## What you have to do
The answer must be the full data, restated word for word, with no pictures in it.

## Source material

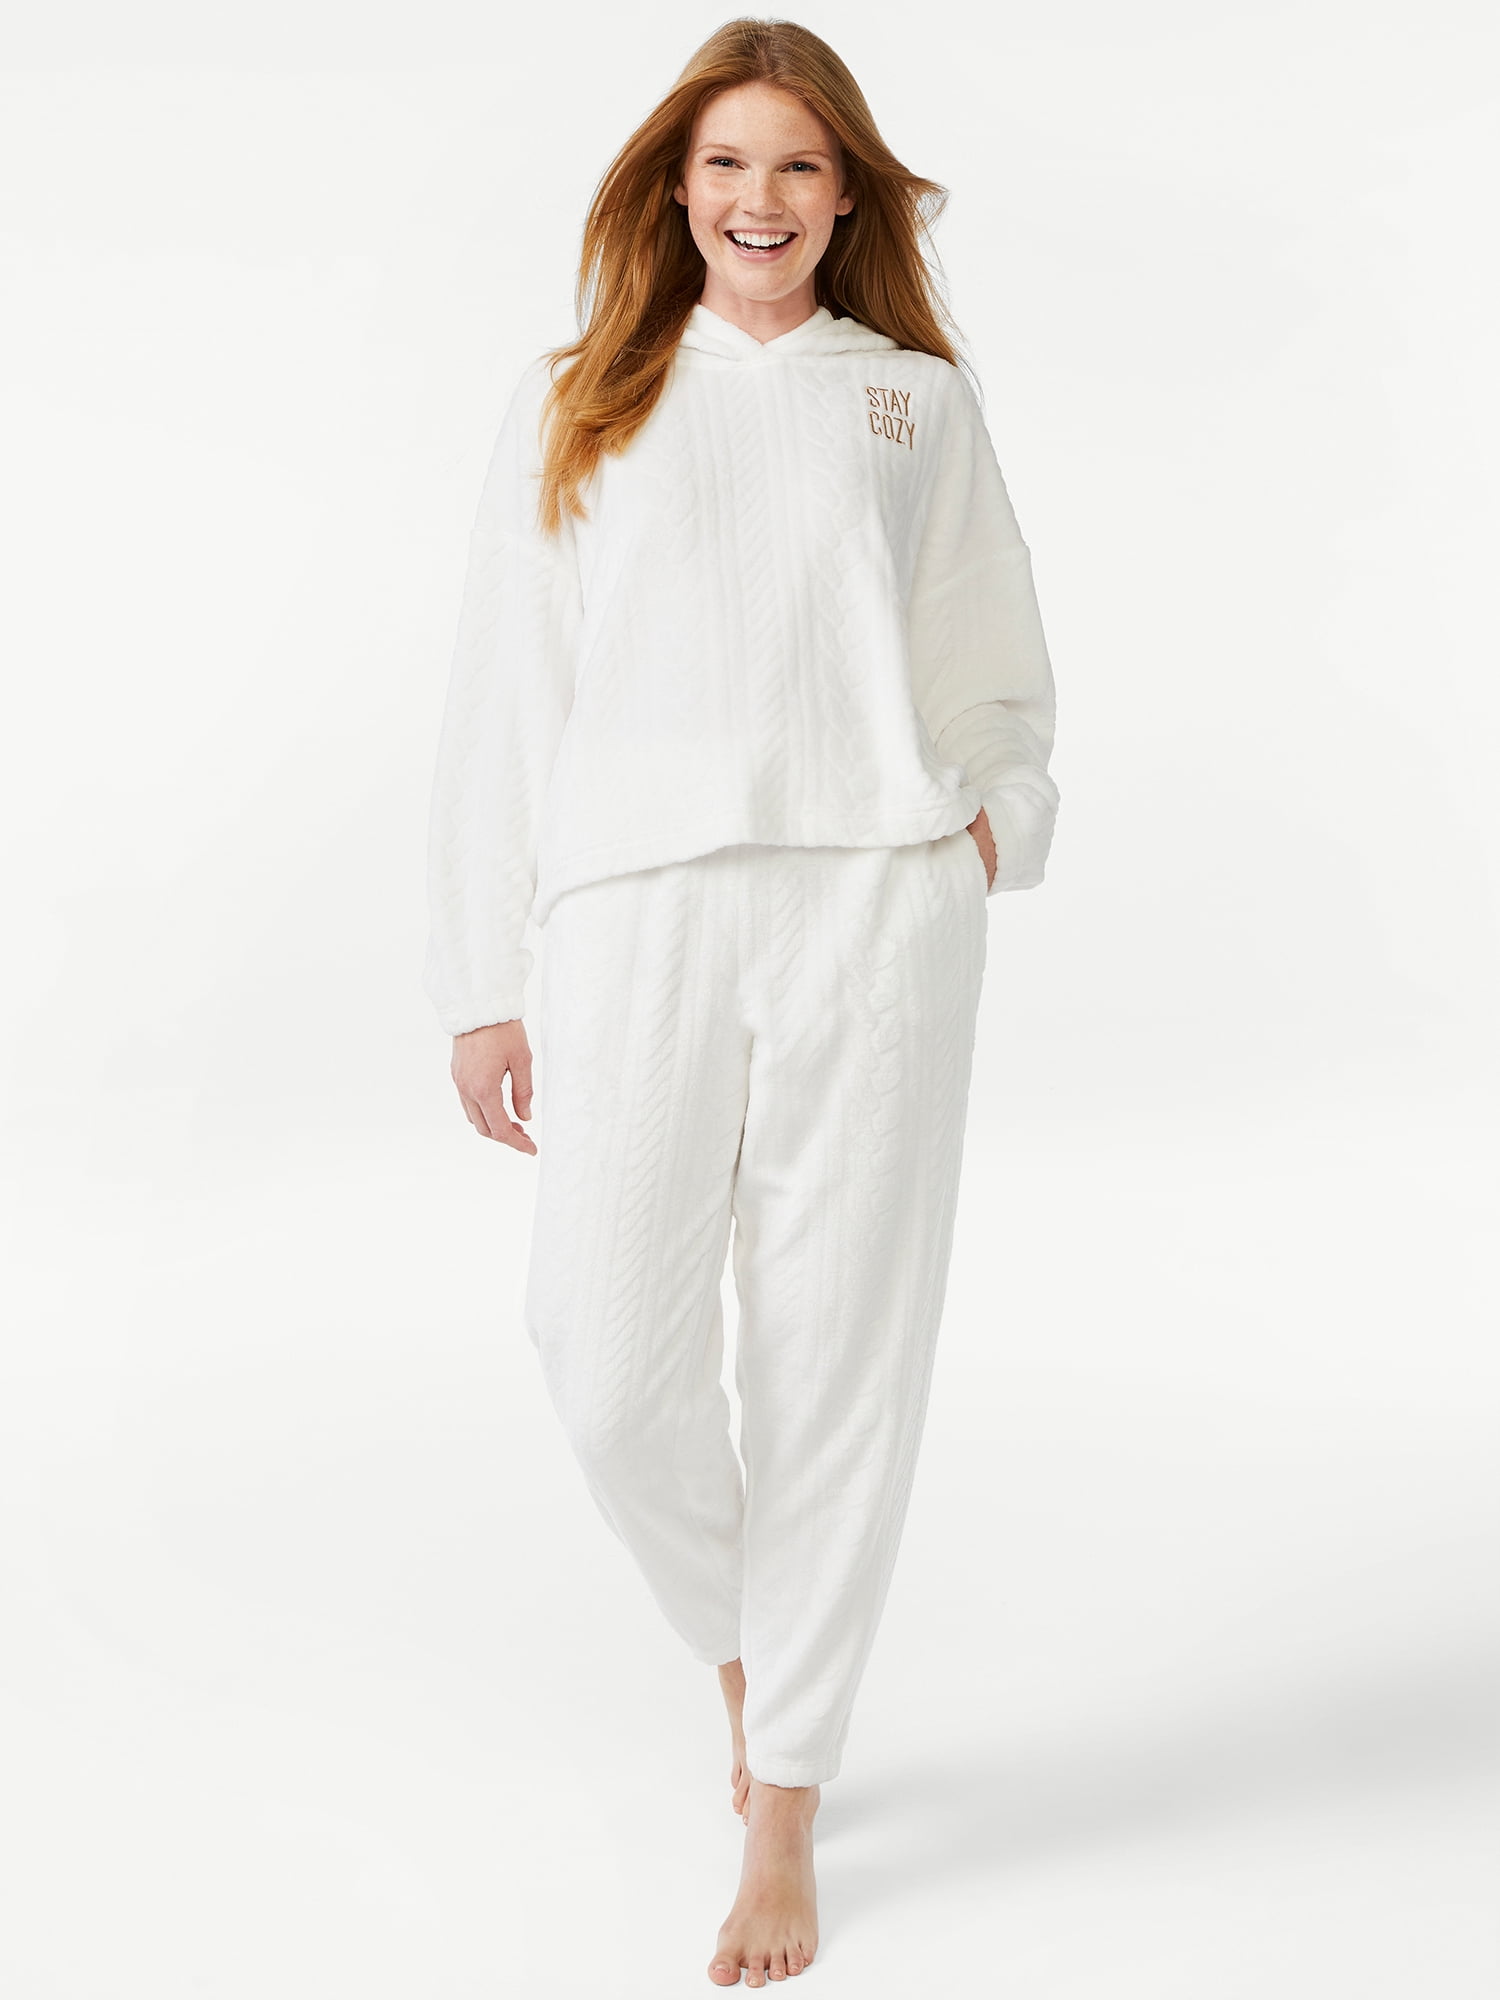 Joyspun Women's Plush Cable Long Sleeve Hooded Top and Pants Pajama Set, 2-Piece, Sizes up to 3X
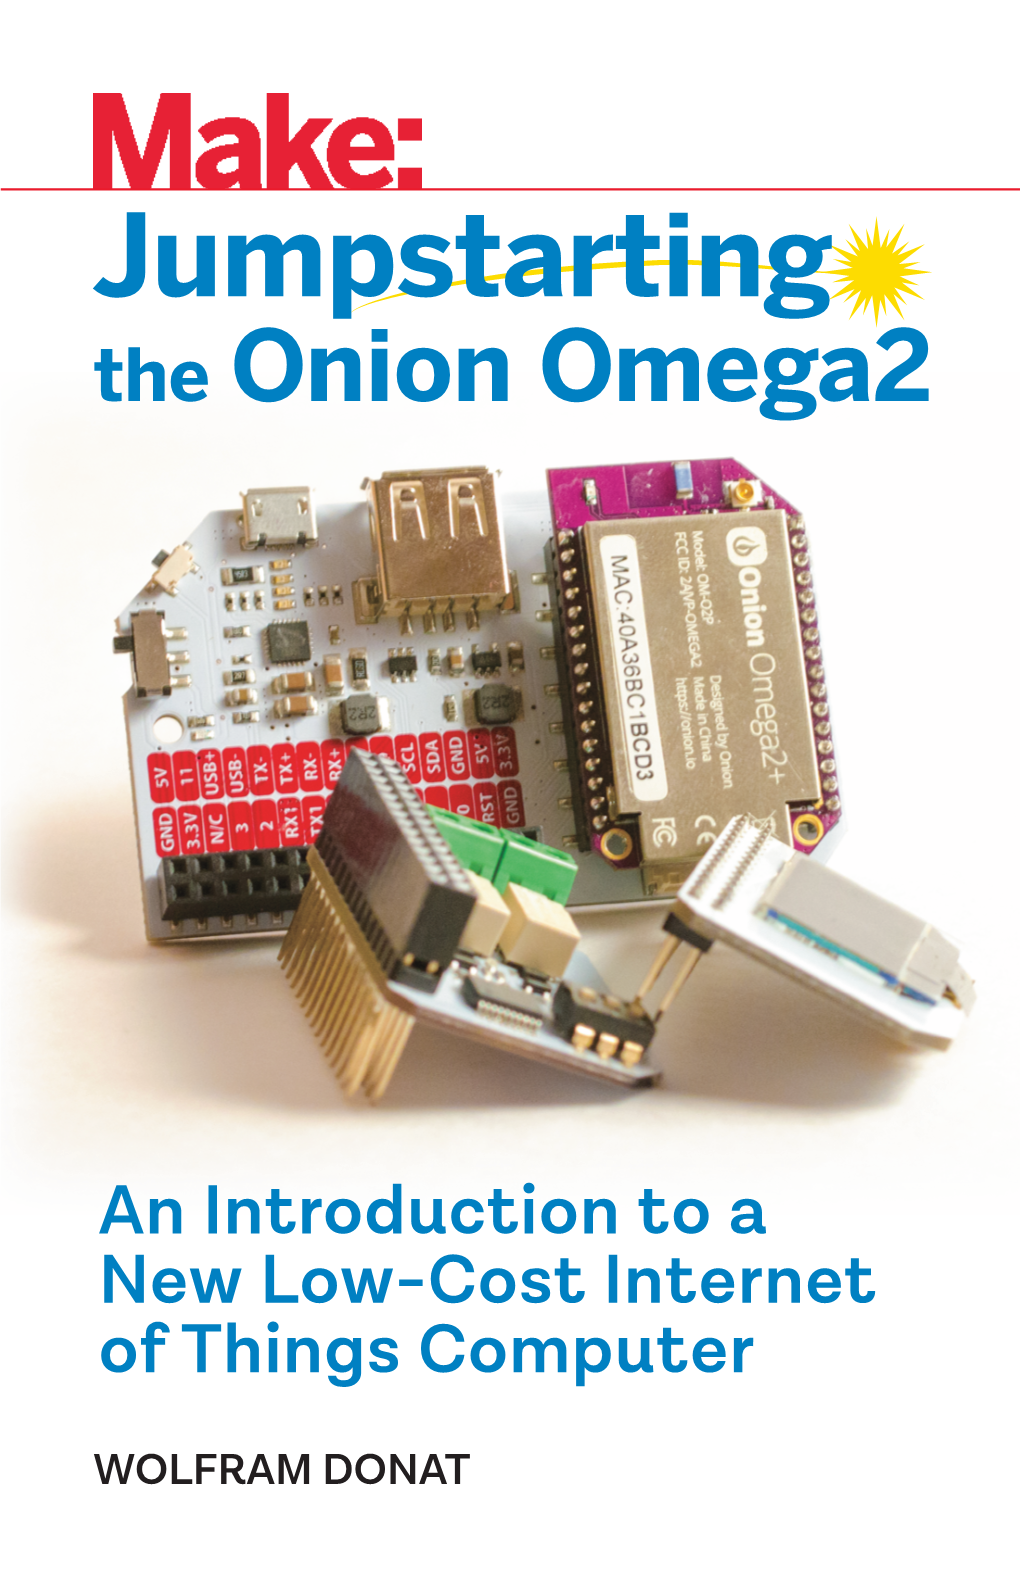 Jumpstarting the Onion Omega2
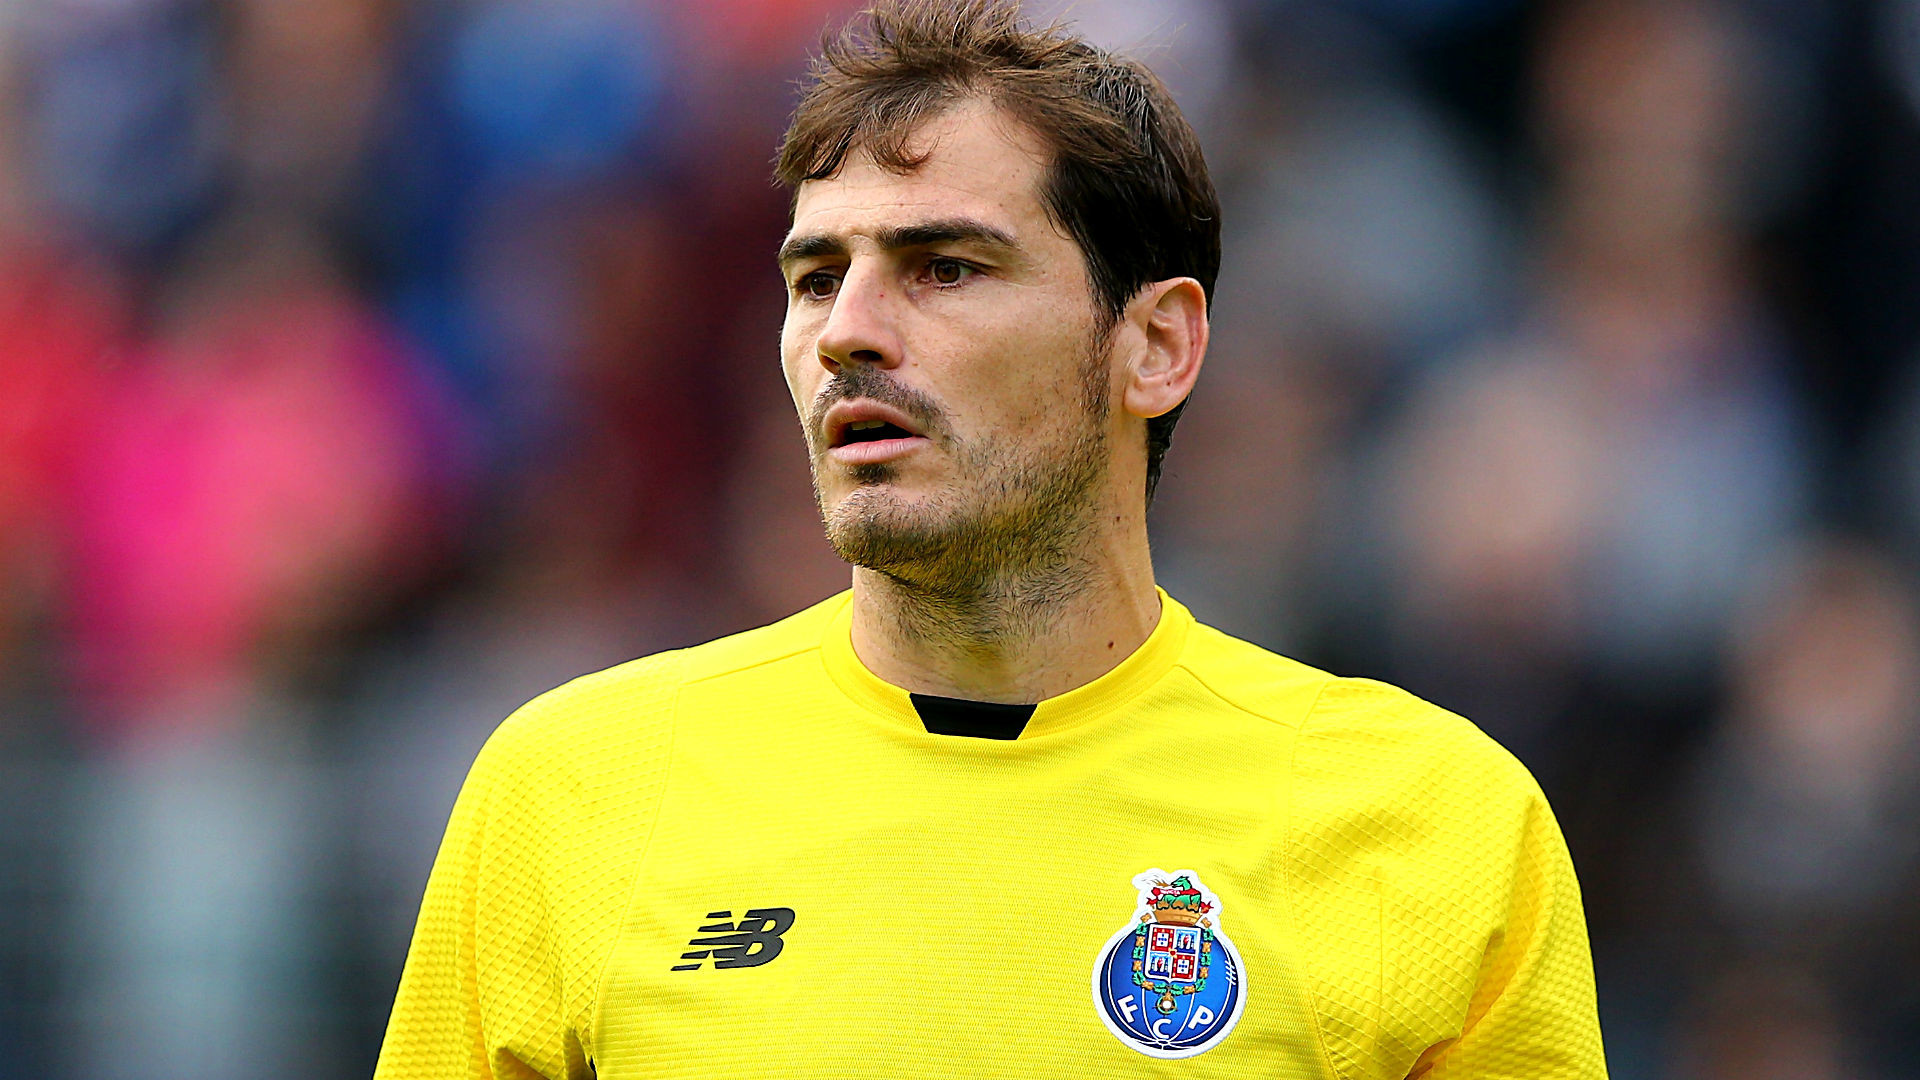 1920x1080 Iker Casillas leaves door open to U.S. move | Soccer | Sporting News

## Your solution
 Joyspun Women's Plush Cable Long Sleeve Hooded Top and Pants Pajama Set, 2-Piece, Sizes up to 3X
 Jumpstarting the Onion Omega2
 1920x1080 Iker Casillas leaves door open to U.S. move | Soccer | Sporting News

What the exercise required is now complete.